Юрий Коваль - Чистый Дор (Рассказы)
— Вот что, — сказал Мохов, — сидеть мне с вами некогда, надо идти, а завтра утром приходите ко мне. Я вам насыплю картошки. У меня ещё осталась.
Мохов ушёл, а женщины снова глядели в окно до самого свету.
Утром они подняли детей и пошли в Олюшино.
За лесом сегодня не скрежетало и не было слышно взрывов.
— Бой кончился, — сказала тётка Ксеня, — только не знаю, на чьей стороне победа. Ладно бы на нашей.
— А вдруг на его? — сказала Пантелевна.
— Он бы тогда сюда пришёл.
— Может быть, подкрадывается, — сказала Пантелевна.
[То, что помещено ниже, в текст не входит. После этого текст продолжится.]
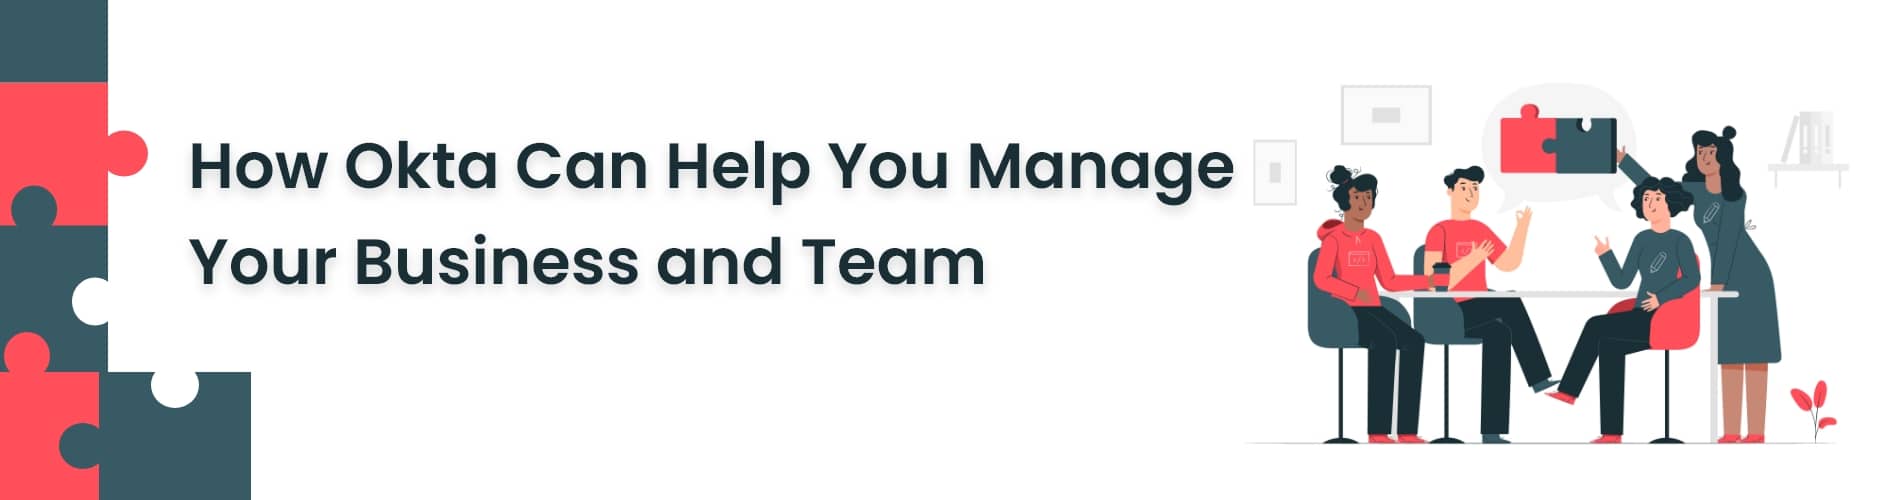 How Okta Can Help You Manage Your Business and Team

Они поглядели за деревья, но никого не было видно — только снег лежал.
Просветлело.
Сизые перья протянулись по небу, и за лесом зажглась солнечная полоса.
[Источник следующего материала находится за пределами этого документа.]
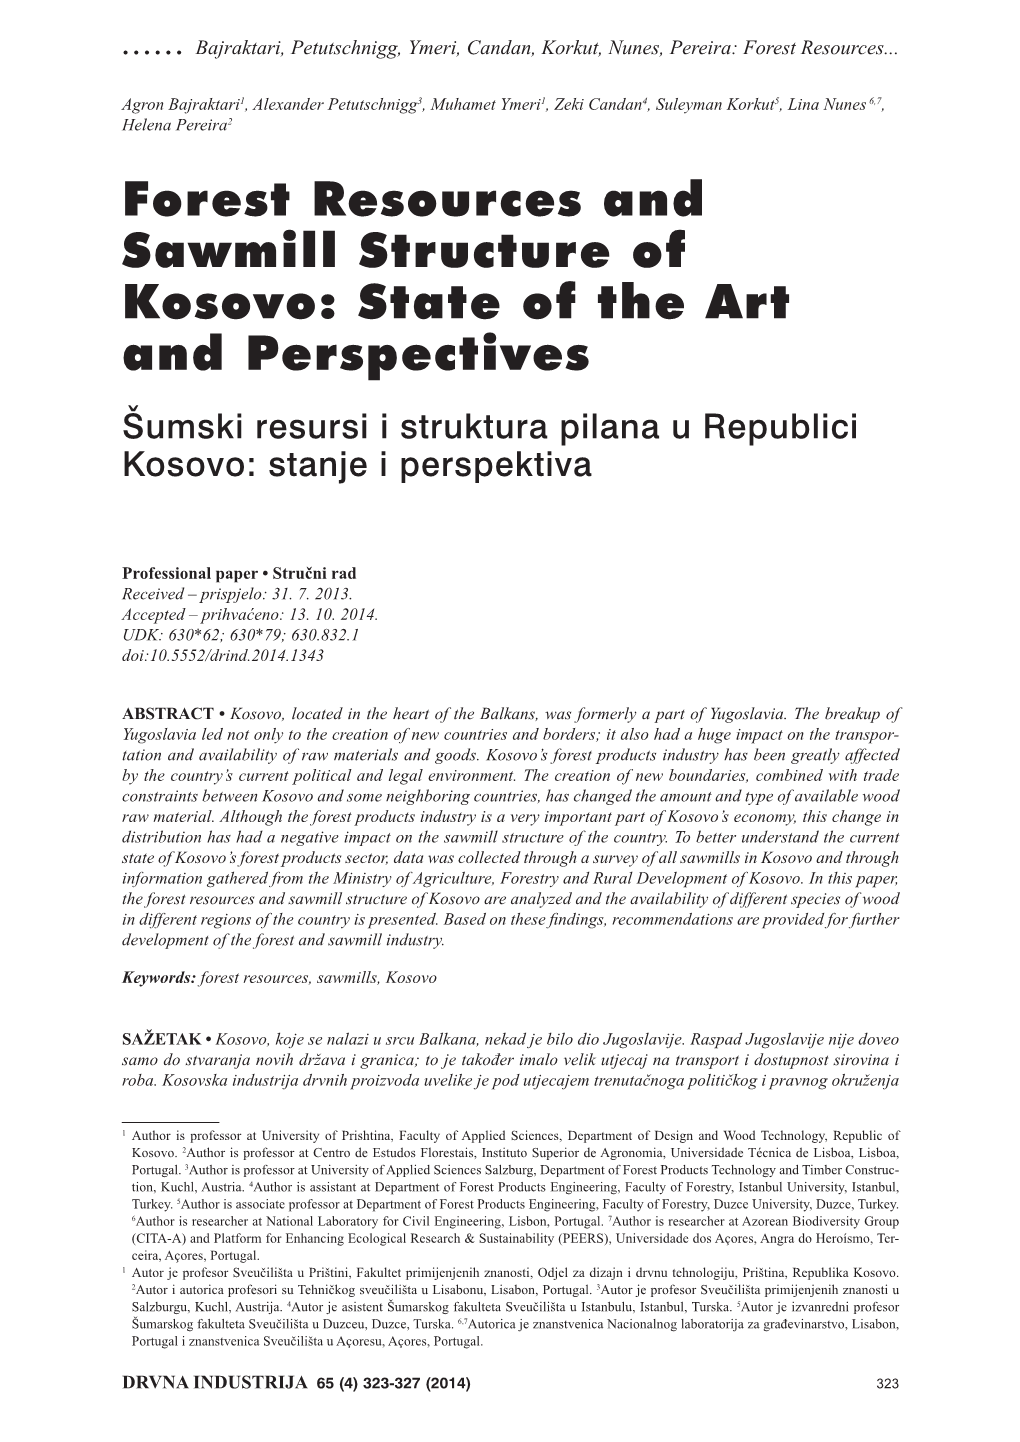 Forest Resources and Sawmill Structure of Kosovo: State of the Art and Perspectives

И тут женщины увидели вдруг какой-то предмет. Он плыл над лесом медленно-медленно. Ветки заслоняли его, и нельзя было разобрать, что это.
— Бежим! — сказала Пантелевна.
Ей стало страшно: что это летит по небу?
Тёмный предмет выплывал из-за деревьев. Восходящее солнце вдруг осветило его, и они увидели, что это по небу летит человек. Только очень большой.
— Мужик! — крикнула Пантелевна.
А тётка Ксеня заплакала и села в снег. Она не могла понять, как летит человек, и плакала, и крепко держала детей.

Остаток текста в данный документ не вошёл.